__Exercise brief__
The listing below should be printed again word for word, without any images.

__Data segment__
------------------------------------------------------------
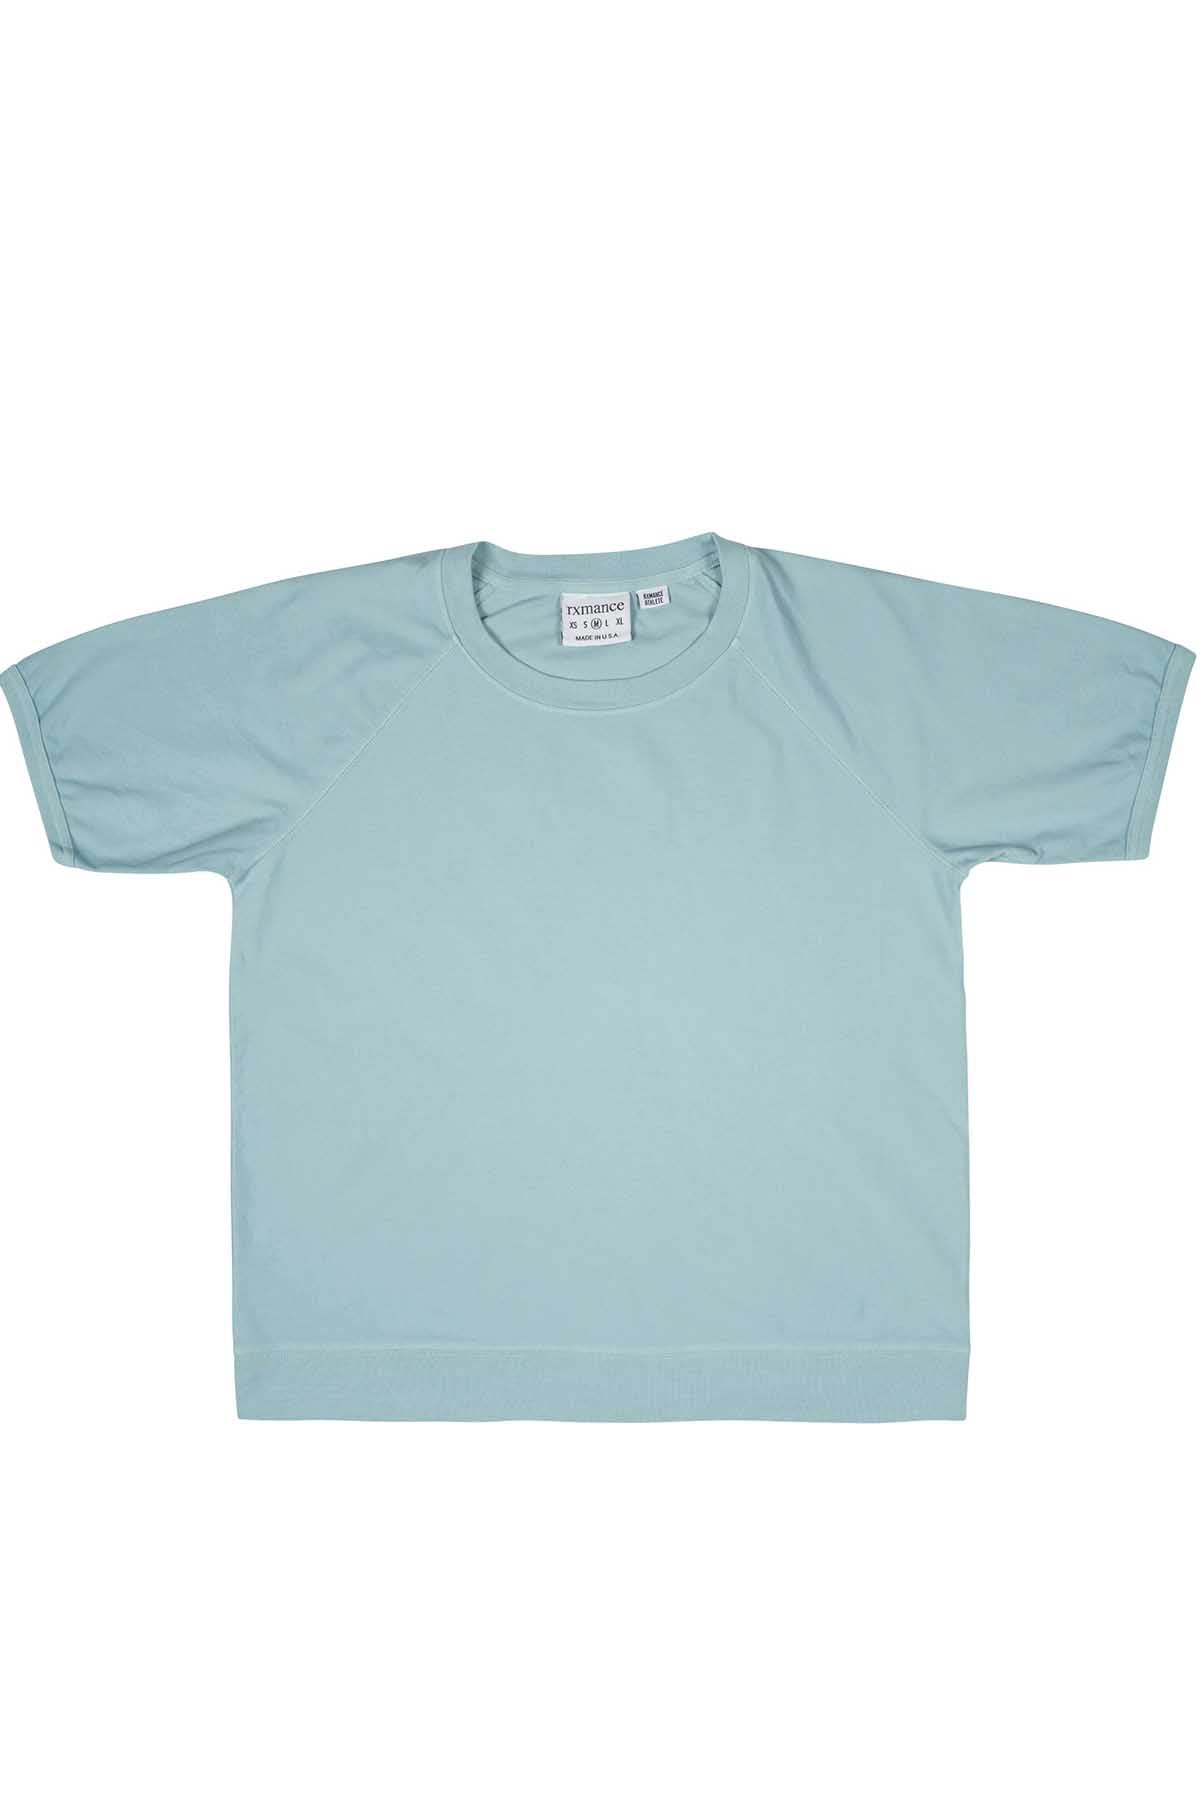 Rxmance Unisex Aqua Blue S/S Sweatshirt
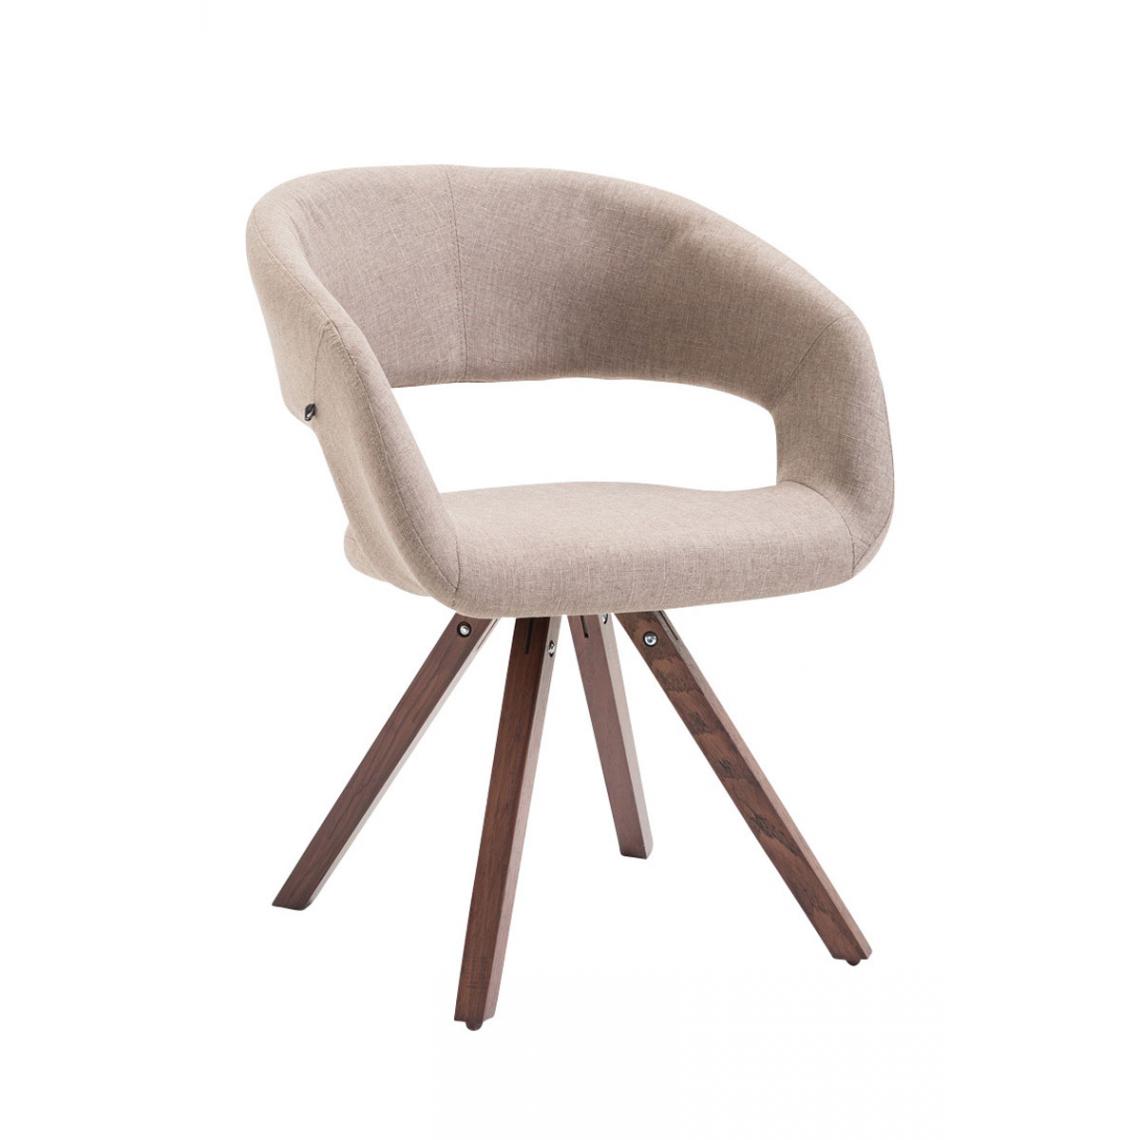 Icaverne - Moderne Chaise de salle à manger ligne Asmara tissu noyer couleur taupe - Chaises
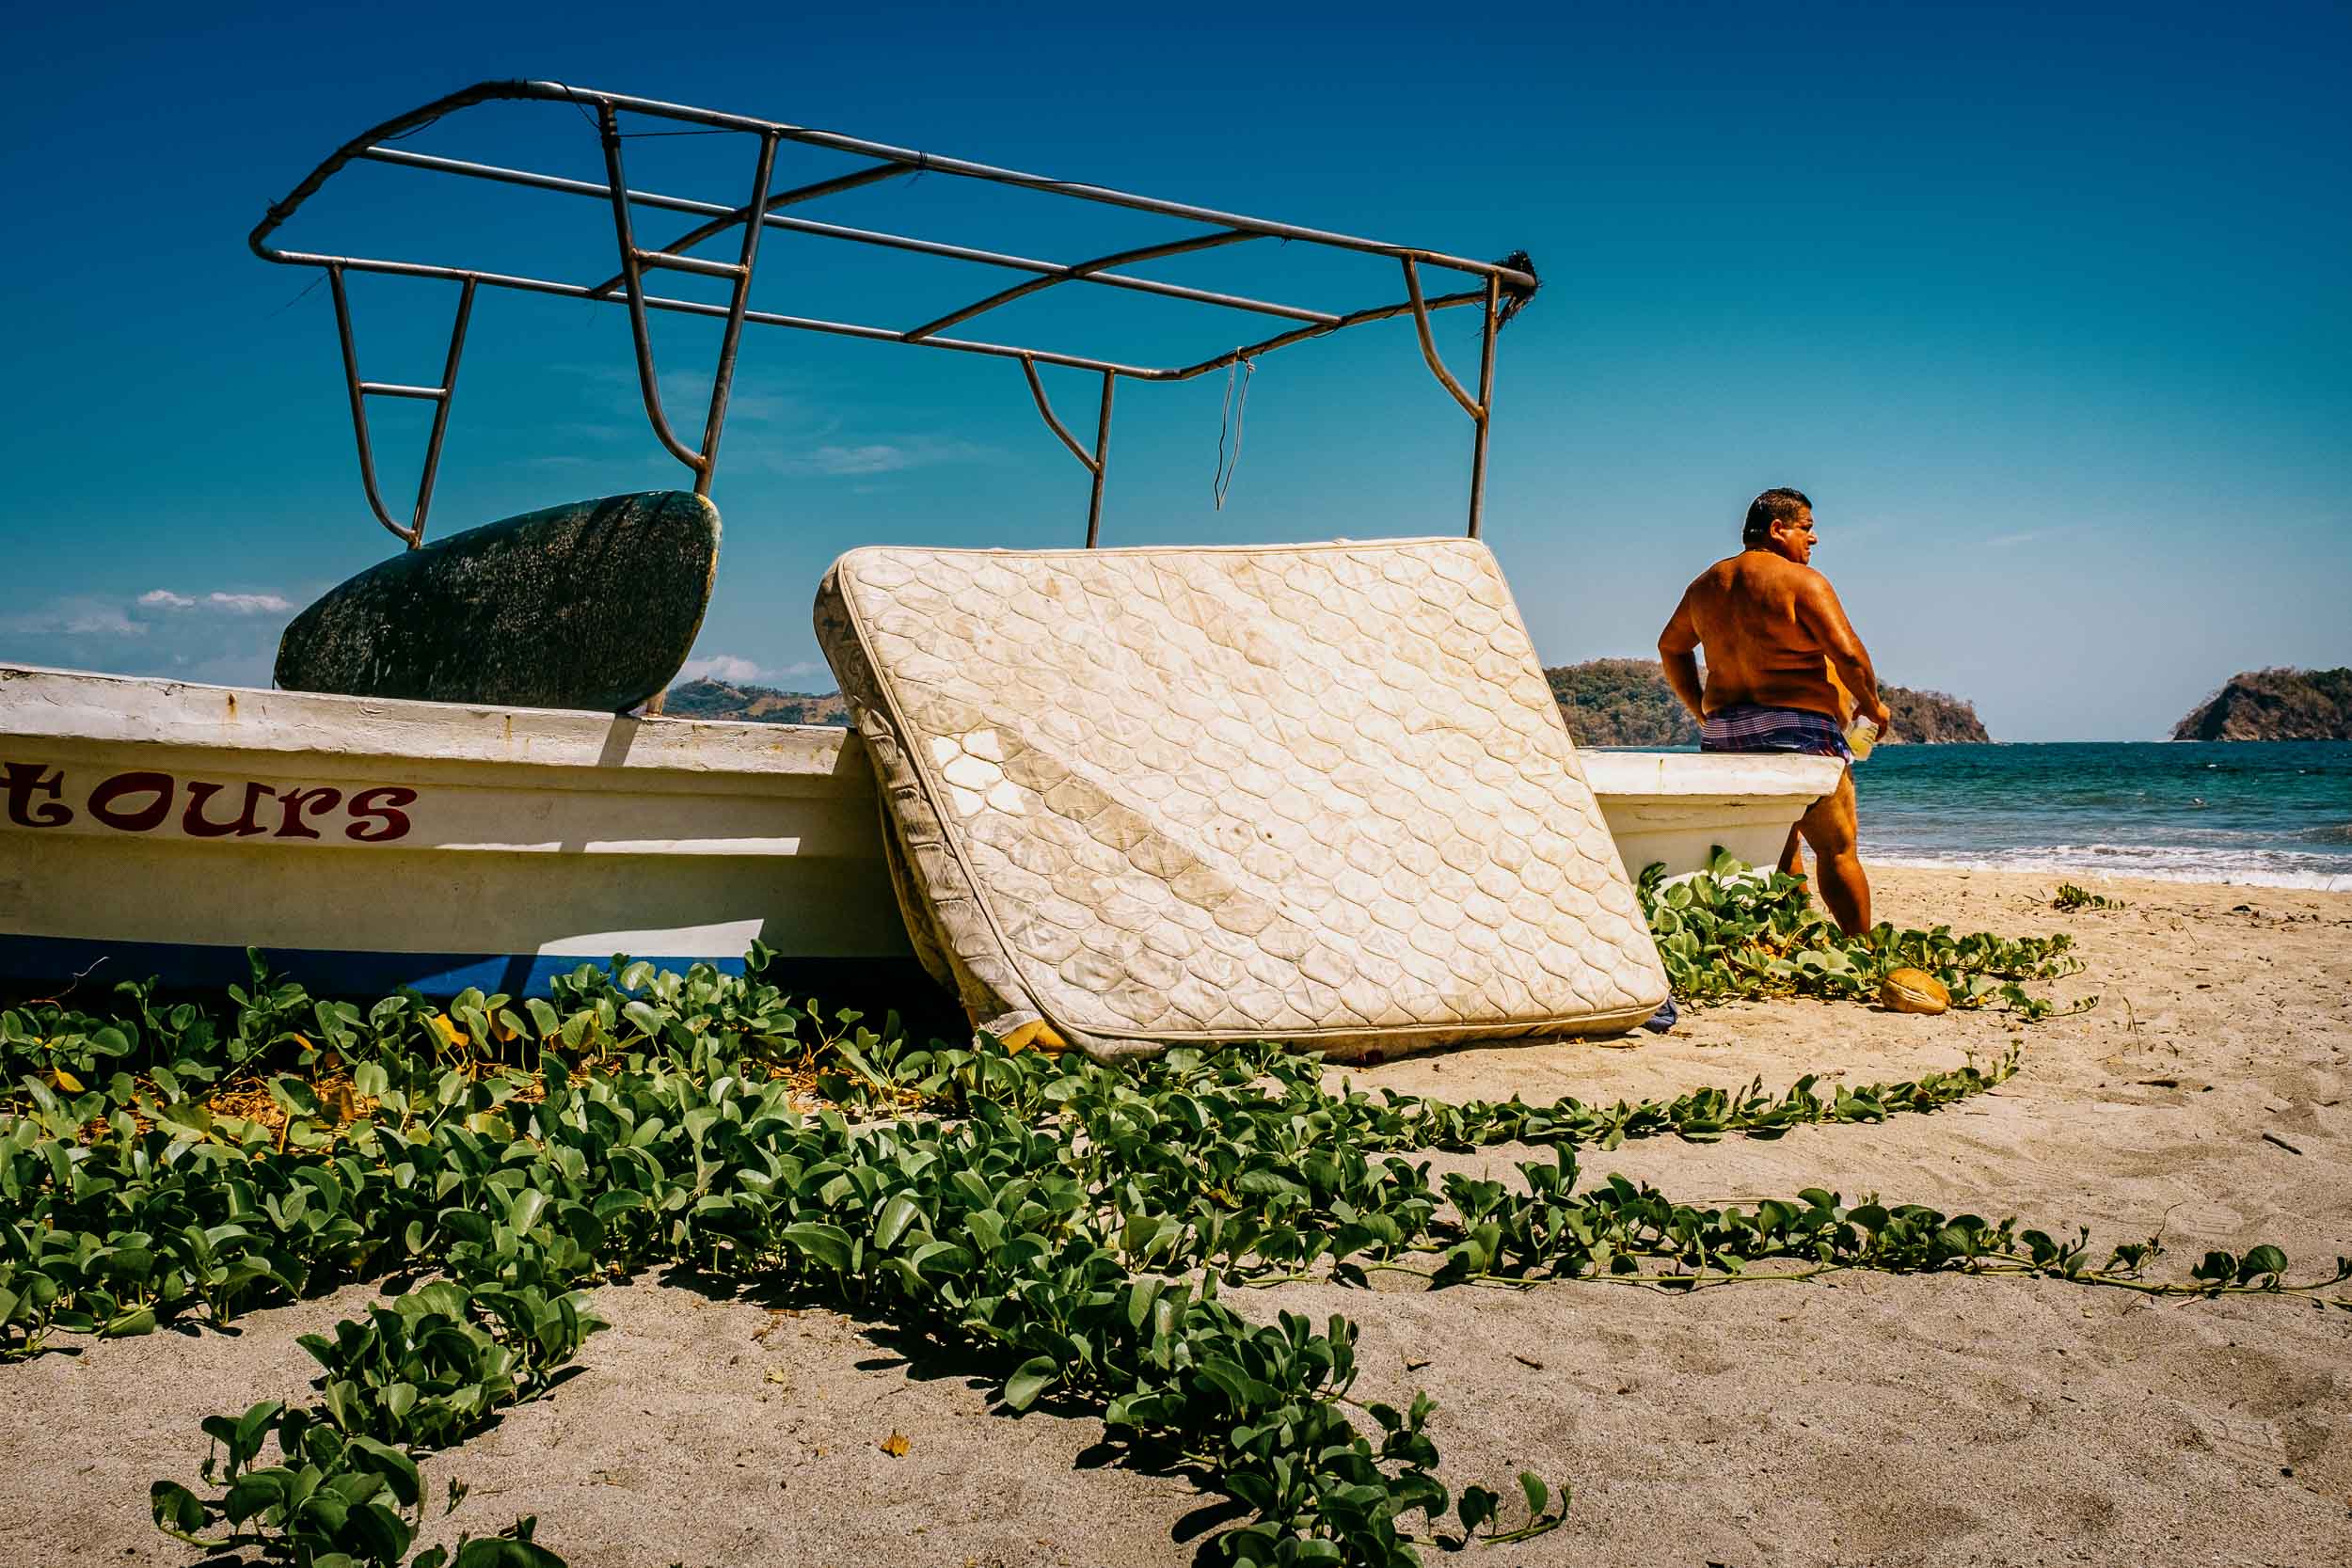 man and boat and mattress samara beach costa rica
------------------------------------------------------------
__Result__
 Rxmance Unisex Aqua Blue S/S Sweatshirt
 Icaverne - Moderne Chaise de salle à manger ligne Asmara tissu noyer couleur taupe - Chaises
 man and boat and mattress samara beach costa rica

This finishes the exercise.